# New bikes from bikesdirect?



## Oaklander (Feb 26, 2008)

Does anyone have any info/updates on this? It was posted on a thread by the bikes direct guy, but the thread has been closed...


colors
matt black
bright blue
dark green

sizes 49, 52, 54, 56, 58, 61

Frame 100% Cr-Mo, Water Bottle Mount
Fork Triple Butted 100% Cr-Mo w/ Fender Mounts
Headset Ritchey 1-1/8" Threadless
Handlebars Alloy Bullhorn
Stem Forged Alloy, 7 Degree
Grips Velo Cushion Wrap Foam
Brake Lever Tektro RX4.1, Alloy, F&R
Brake(s) Tektro 510A Dual Pivot Caliper F&R
Seat Post Micro Adjust Alloy 27.2
Crankset FSA Vero3-pc Alloy, 170mm, Sealed Bearing, 46T Alloy
Chain KMC Z410 Silver
Pedal Wellgo Alloy w/ Cage & Toe Clips
Rim Alex R500, 32H, Double Wall w/ CNC Sidewalls, w/ Stainless 14Ga. Spokes
Front Hub Formula High Flange Alloy, 32H, Sealed Bearing,
Rear Hub Formula High Flange Alloy, 32H, Sealed Bearing 16T FW/Fixed Flip Flop
Tires Kenda K176, 700 X 28c


price will be $299 or $319 depending on exchange rate
no sales tax except in Texas; free shipping in 48 contential states
and delivery is in April

very simple decals
brand DAWES
model - 2009 SST [not bike currently on site]

we ordered a lot
but they will sell out quick
I feel this bike will become the new standard for a super SS/Track deal with brakes
__________________


----------



## FatTireFred (Jan 31, 2005)

lmfao


----------



## DIRT BOY (Aug 22, 2002)

FatTireFred said:


> lmfao


Yeah, that's not a BD emp posting an ad...


----------



## Oaklander (Feb 26, 2008)

What, do you guys just sit around all day waiting for people to write about bikes direct?


----------



## Henry Porter (Jul 25, 2006)

Oaklander said:


> What, do you guys just sit around all day waiting for people to write about bikes direct?

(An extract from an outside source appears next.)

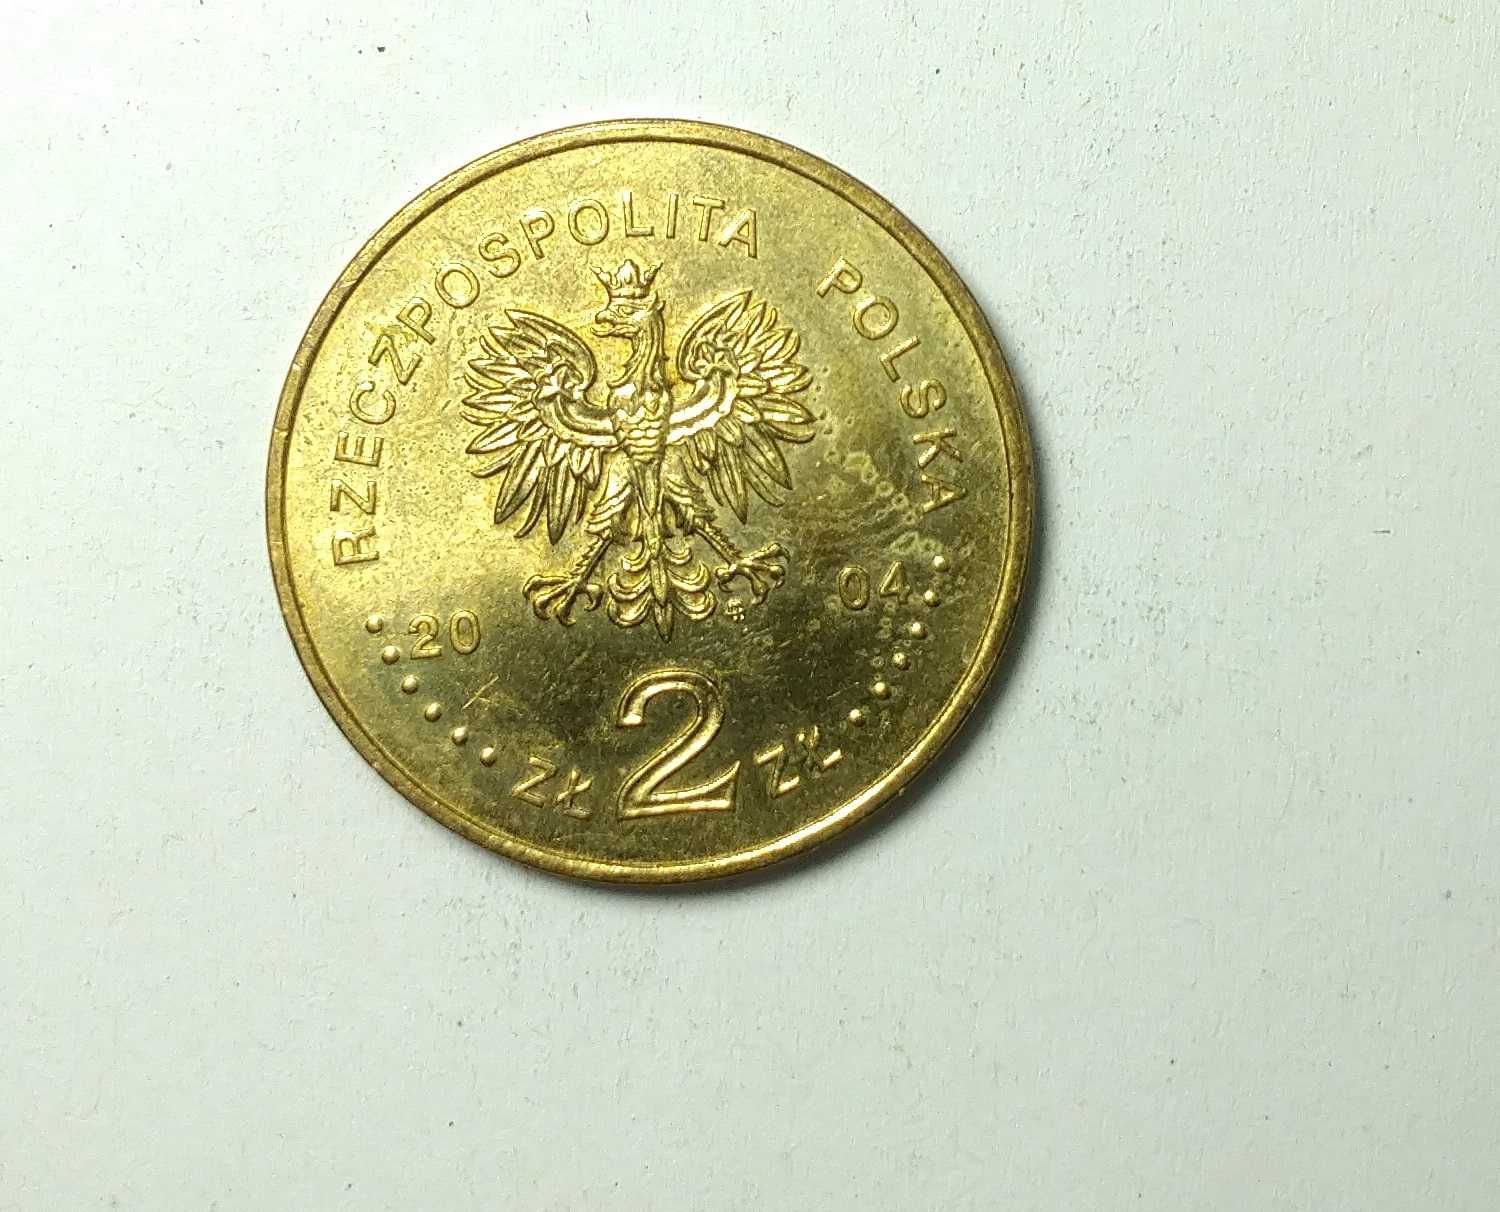 Złote monety 2zł "Kłosy 1 złoty" okolicznościowe, kolekcjonerskie

No, it usually happens often enough that you don't have to wait around too long for it.


----------



## covenant (May 21, 2002)

Spring is coming!


----------



## rogerstg (Aug 1, 2007)

DIRT BOY said:


> Yeah, that's not a BD emp posting an ad...


I think the OP wants to know when they'll be available. What would be the point of a shill bringing it up when it does not exist yet? Besides, when they are available it would be more effective if Mike simply made the announcement.

Pretty funny you getting wanked because the topic of BD comes up in their forum.


----------



## Henry Porter (Jul 25, 2006)

rogerstg said:


> I think the OP wants to know when they'll be available. What would be the point of a shill bringing it up when it does not exist yet? Besides, when they are available it would be more effective if Mike simply made the announcement.
> 
> Pretty funny you getting wanked because the topic of BD comes up in their forum.


Um, exposure?


----------



## Dave Hickey (Jan 27, 2002)

rogerstg said:


> .
> 
> Pretty funny you getting wanked because the topic of BD comes up in their forum.


FYI, This was posted in the fixed/single speed forum and moved to this forum. You'd have no way of knowing that unless you saw the thread over there... sorry


----------



## SSSasky (Apr 8, 2004)




----------



## culdeus (May 5, 2005)

they used to eat the sales tax in texas. I guess times are tough for old BD.


----------